This story was updated on May 13 to include more community colleges that will primarily offer fall classes online.An increasing number of California community colleges plan to offer all fall classes online to protect students and staff from the coronavirus. The nine colleges in the Los Angeles Community College District, Santa Monica College, Sierra College, College of the Desert and Santa Rosa Junior College, announced this week most classes will be offered remotely in the fall.
Meanwhile, officials at UCLA plan to give students the option of how they want to attend their fall 2020 classes.
“The health and safety of our students, faculty and staff, and maintaining the quality of our teaching and learning programs are of utmost importance for the college,” said Joel Kinnamon, president of College of the Desert, which has about 10,000 undergraduates in Palm Desert. “With an increase in the number of COVID-19 cases in the college’s service area, combined with the lack of a vaccine and the possibility of a second wave of infections, we felt this was the most prudent path.”
The announcements foreshadow the decisions that other California colleges may end up making, including the state’s 111 other community colleges. (Calbright College is the state’s only online-only community college.) The four colleges in the Sacramento area’s Los Rios Community College District, the San Diego Community College District, the Peralta Community College District and Shasta College in Redding have all joined an increasing number of community colleges to announce fall classes will be offered primarily online.
Many colleges and universities across the country are considering how they will offer classes for the fall academic term, either in-person, virtually or a mix of the two. But only a handful of institutions have decided what they will do, despite growing anxiety from students and families over how these decisions will affect them.
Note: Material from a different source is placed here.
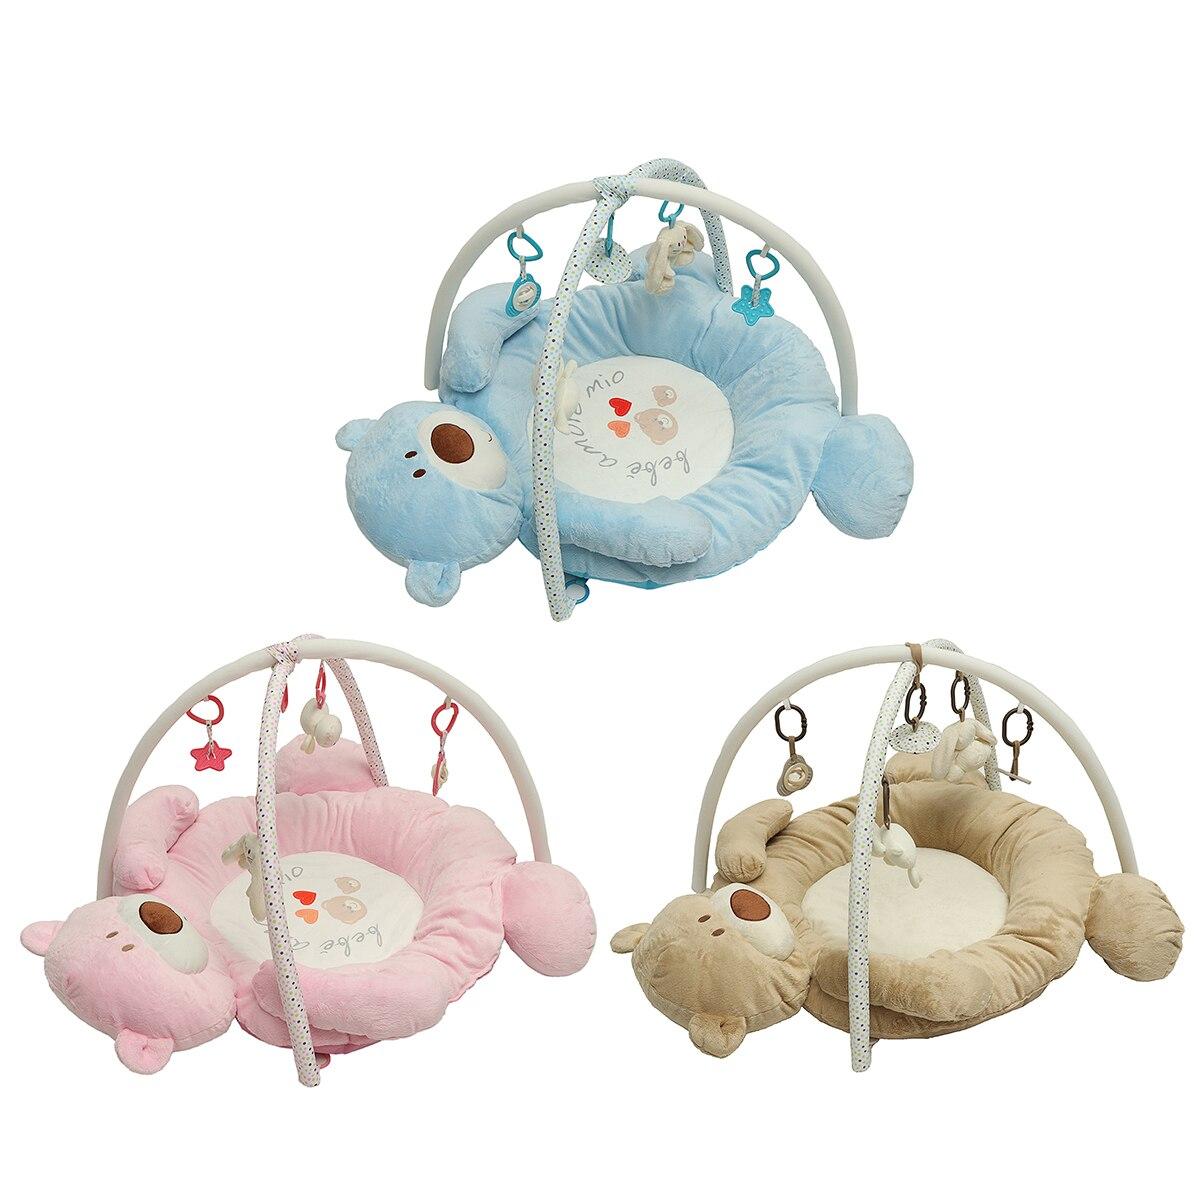 Tapis de jeu bébé tapis développer ramper la musique des enfants tapis sûr bande dessinée doux pour les enfants jouet éducatif 95x85x60 cm tapis

“At a minimum, since we know it might not be possible for some students to safely travel to campus, we plan to offer the option of remote learning at least for fall quarter, even if some classes are held in person,” said UCLA Chancellor Gene Block and Emily Carter, an executive vice chancellor and provost to the university, in a message to students.
One thing the UCLA campus can’t guarantee is housing for students this fall because of the need for safety precautions need to keep students safe from the virus. Because of the pandemic and national travel restrictions, university officials don’t know how many students will be able to live in apartments or dorms this fall.
“In normal times, UCLA is able to offer housing to a majority of incoming and returning students,” according to the message. “At this point, it is unclear how the COVID-19 pandemic will impact our operations in student housing and residential life during the 2020-21 academic year and therefore we are unfortunately unable to provide a housing guarantee.”
Officials at Sierra College, in the Sacramento area, tweeted that they wanted to give students as much advance notice as possible, and so decided fall classes would be online-only.
“Making this decision early allows us to better prepare for online learning and gives staff more time to prepare for this format,” according to the college, which has about 16,000 students enrolled. “With the potential for a resurgence of the virus in the fall, students will not have to worry about making an abrupt transition to remote learning.”
However, some classes can’t happen in an online-only setting. Sierra College officials said they will continue looking for alternatives, such as a mix of virtual and in-person classes, to help students complete their courses.
“We understand this situation is not ideal for anyone,” the tweets continued. “But we hope by making this decision early we can prepare better for the fall semester and continue to help our students complete their educational goals as best we can.”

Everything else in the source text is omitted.